▶ Your task: Leaving out the pictures, output the lines from the one that contains "Jean Améry - Jenseits von Schuld und Sühne" through the end of the material, exactly as they stand.

▶ Data extract:

= Beginning of Section =

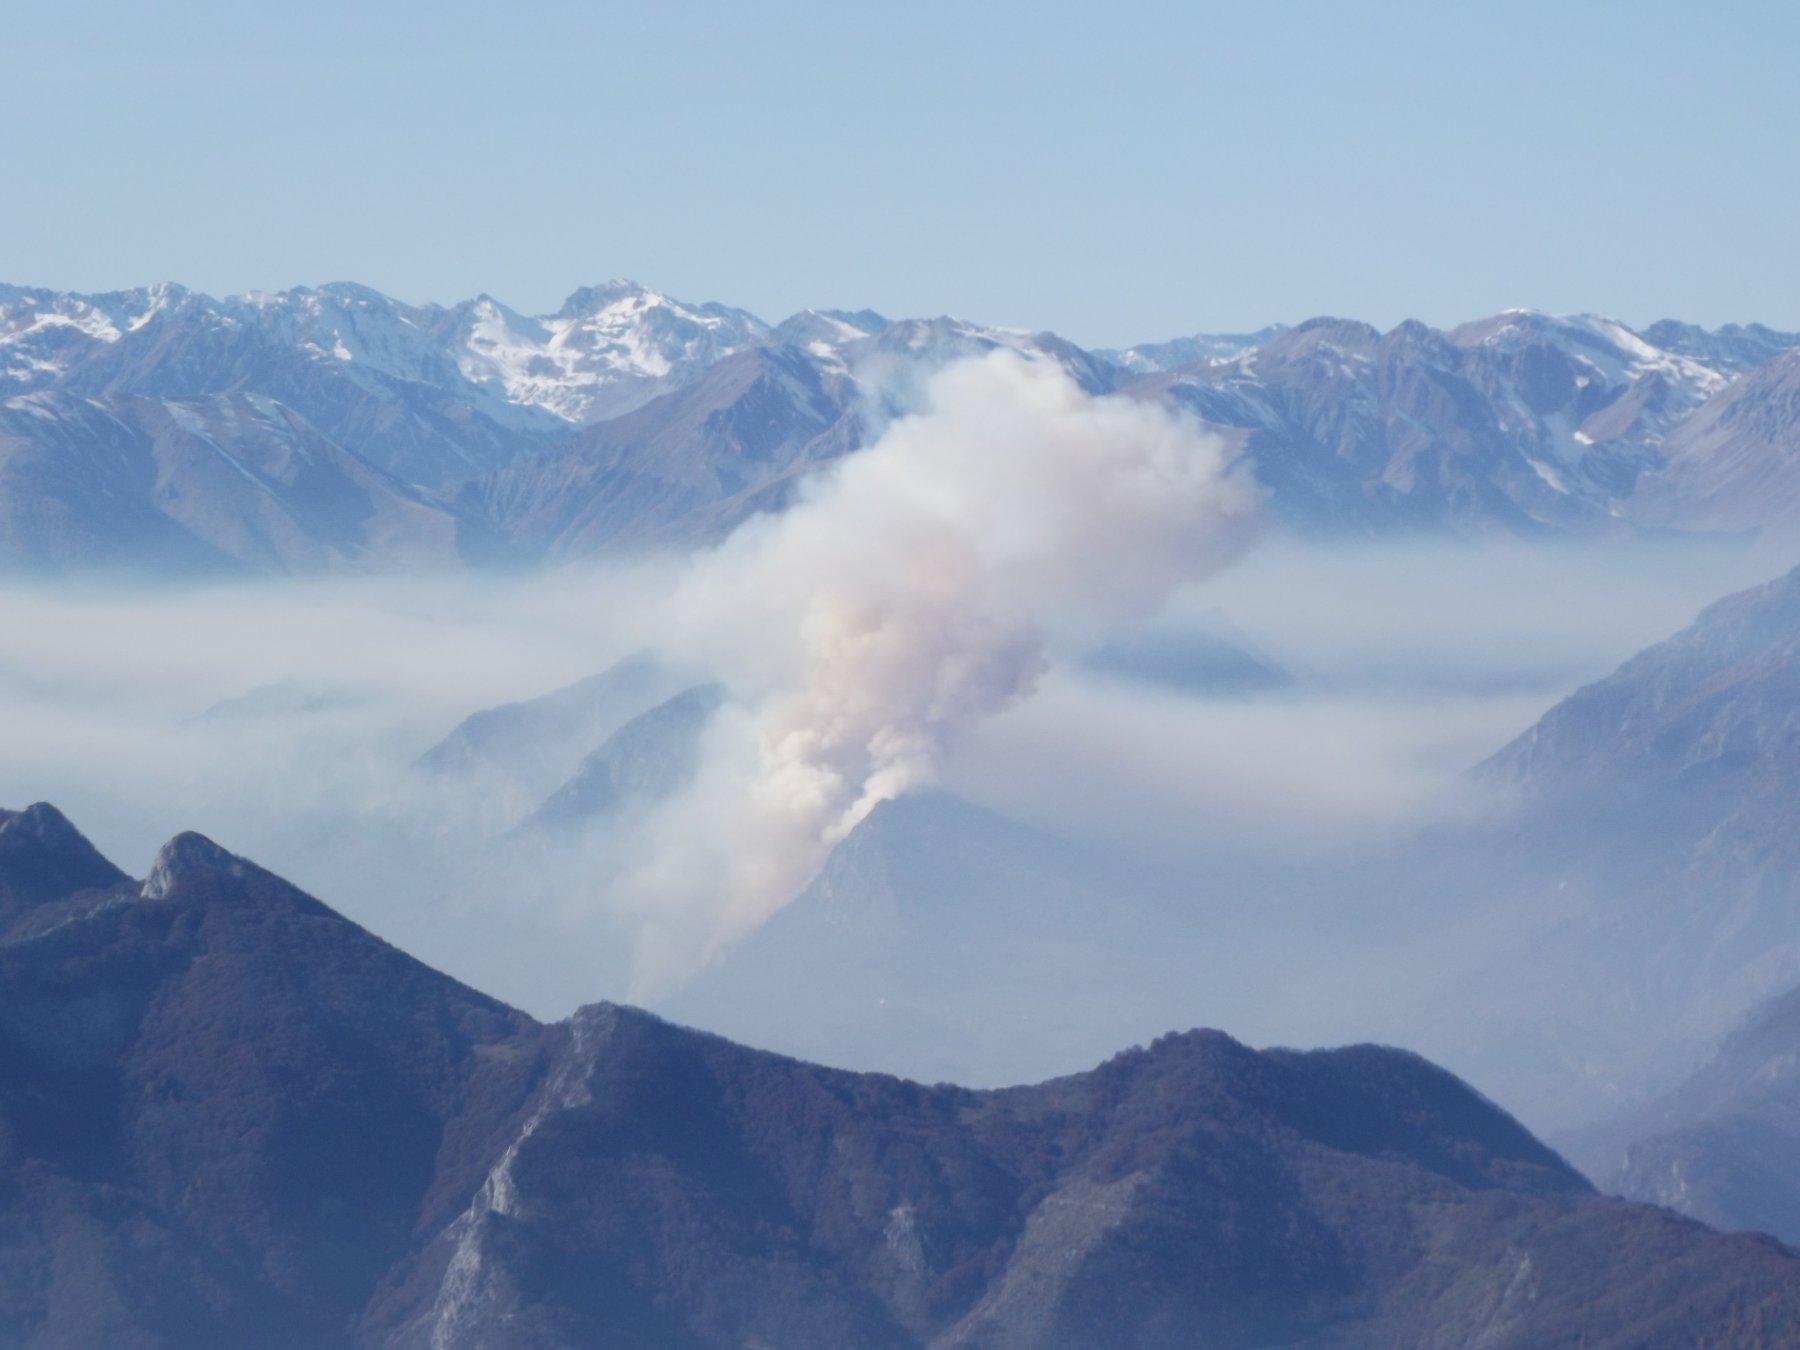 Incendio sui monti a Demonte, in Valle Stura
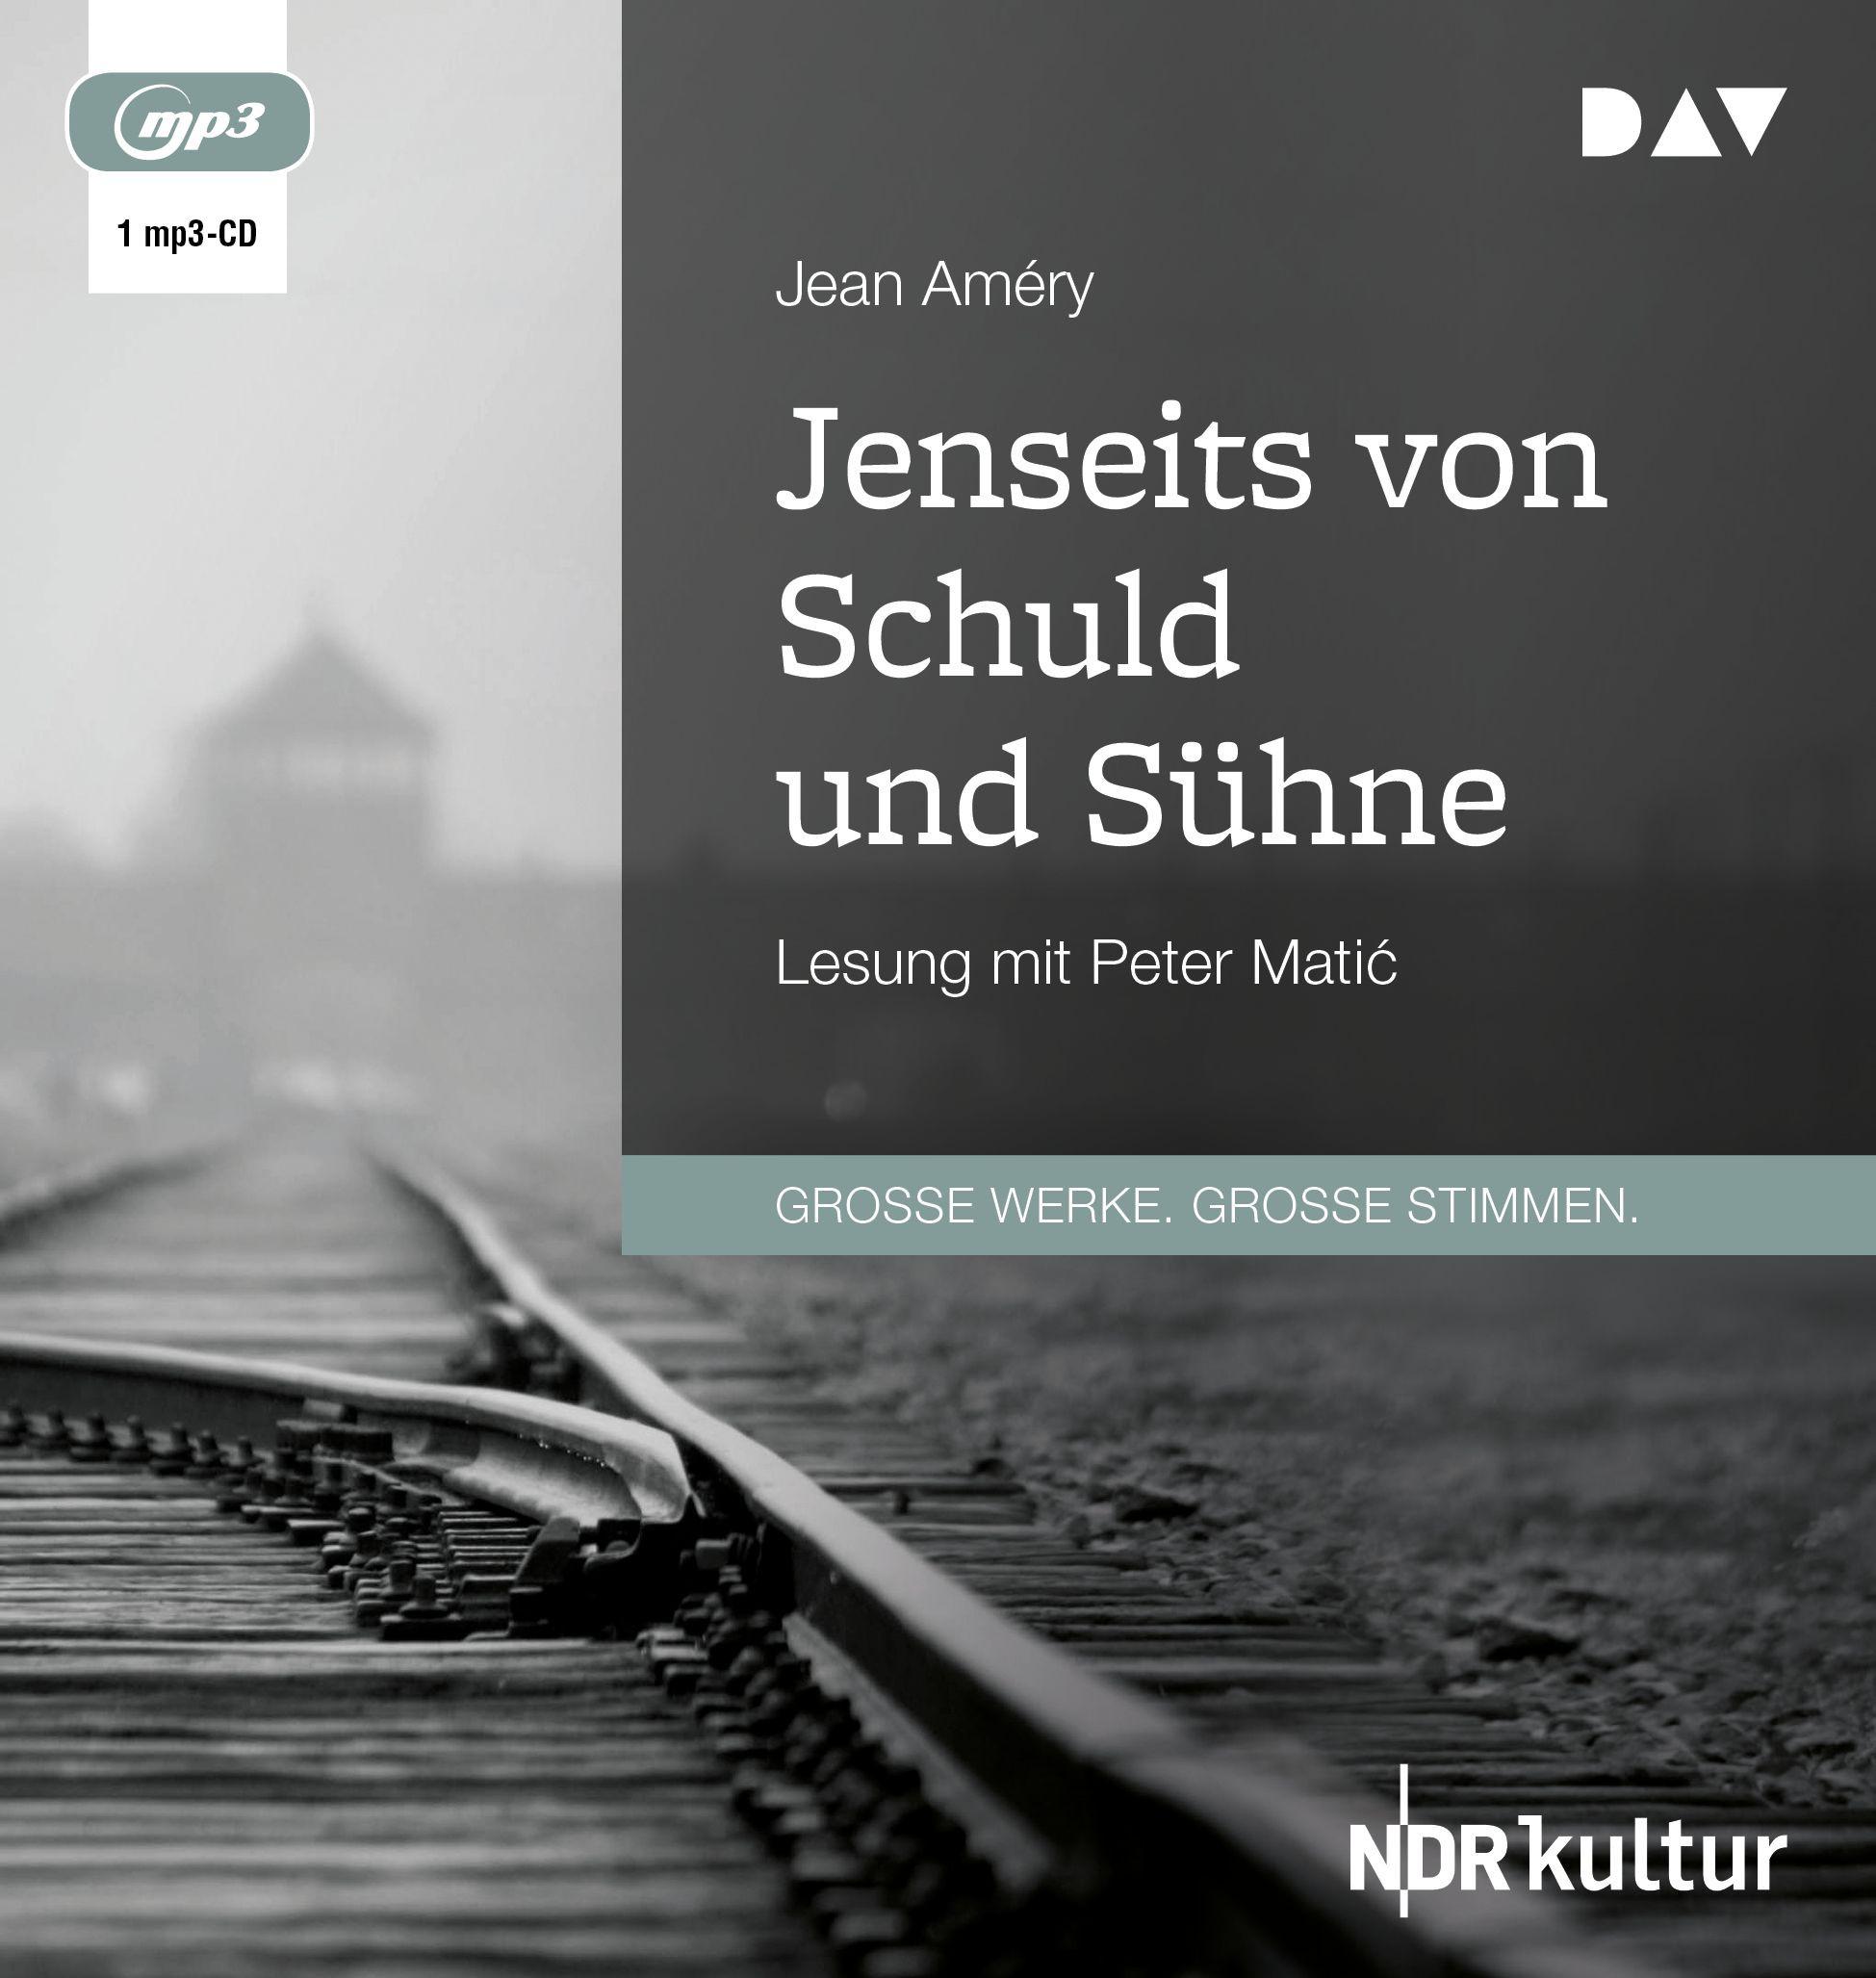 Jean Améry - Jenseits von Schuld und Sühne
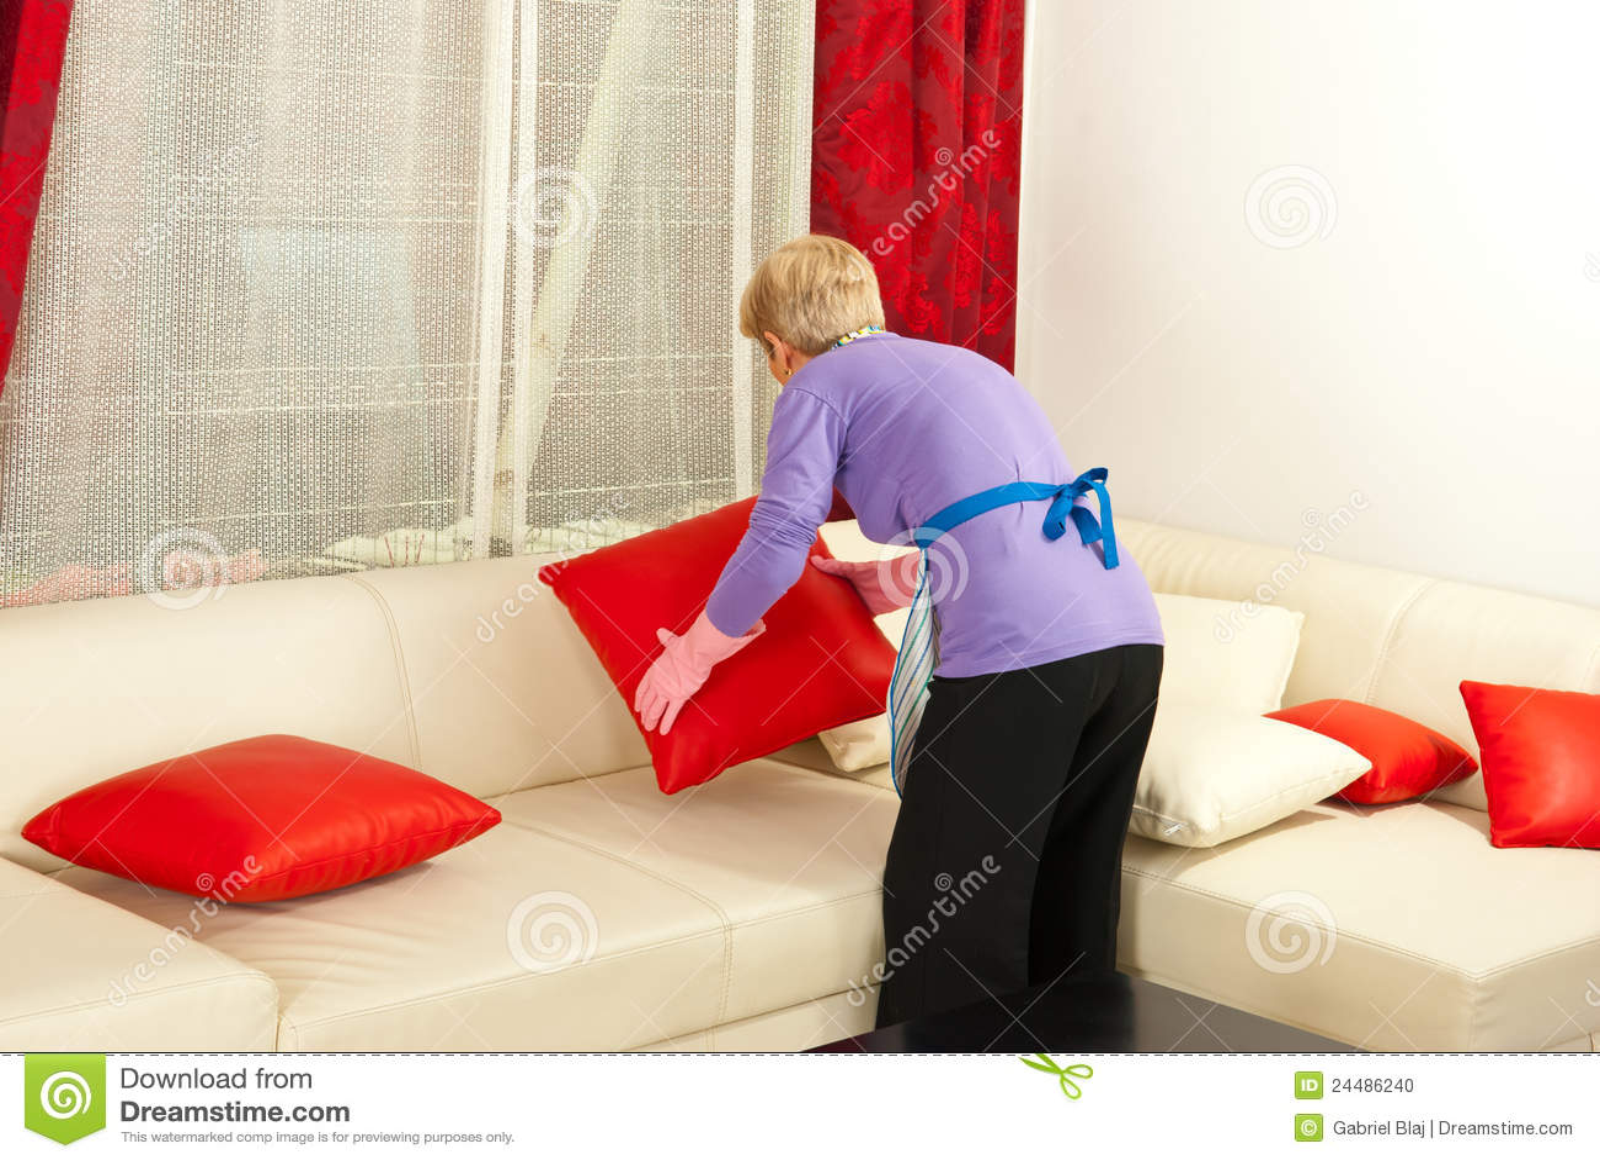 How To Arrange Sofa Pillows

= End of Section =

▶ Task output:
 Jean Améry - Jenseits von Schuld und Sühne
 How To Arrange Sofa Pillows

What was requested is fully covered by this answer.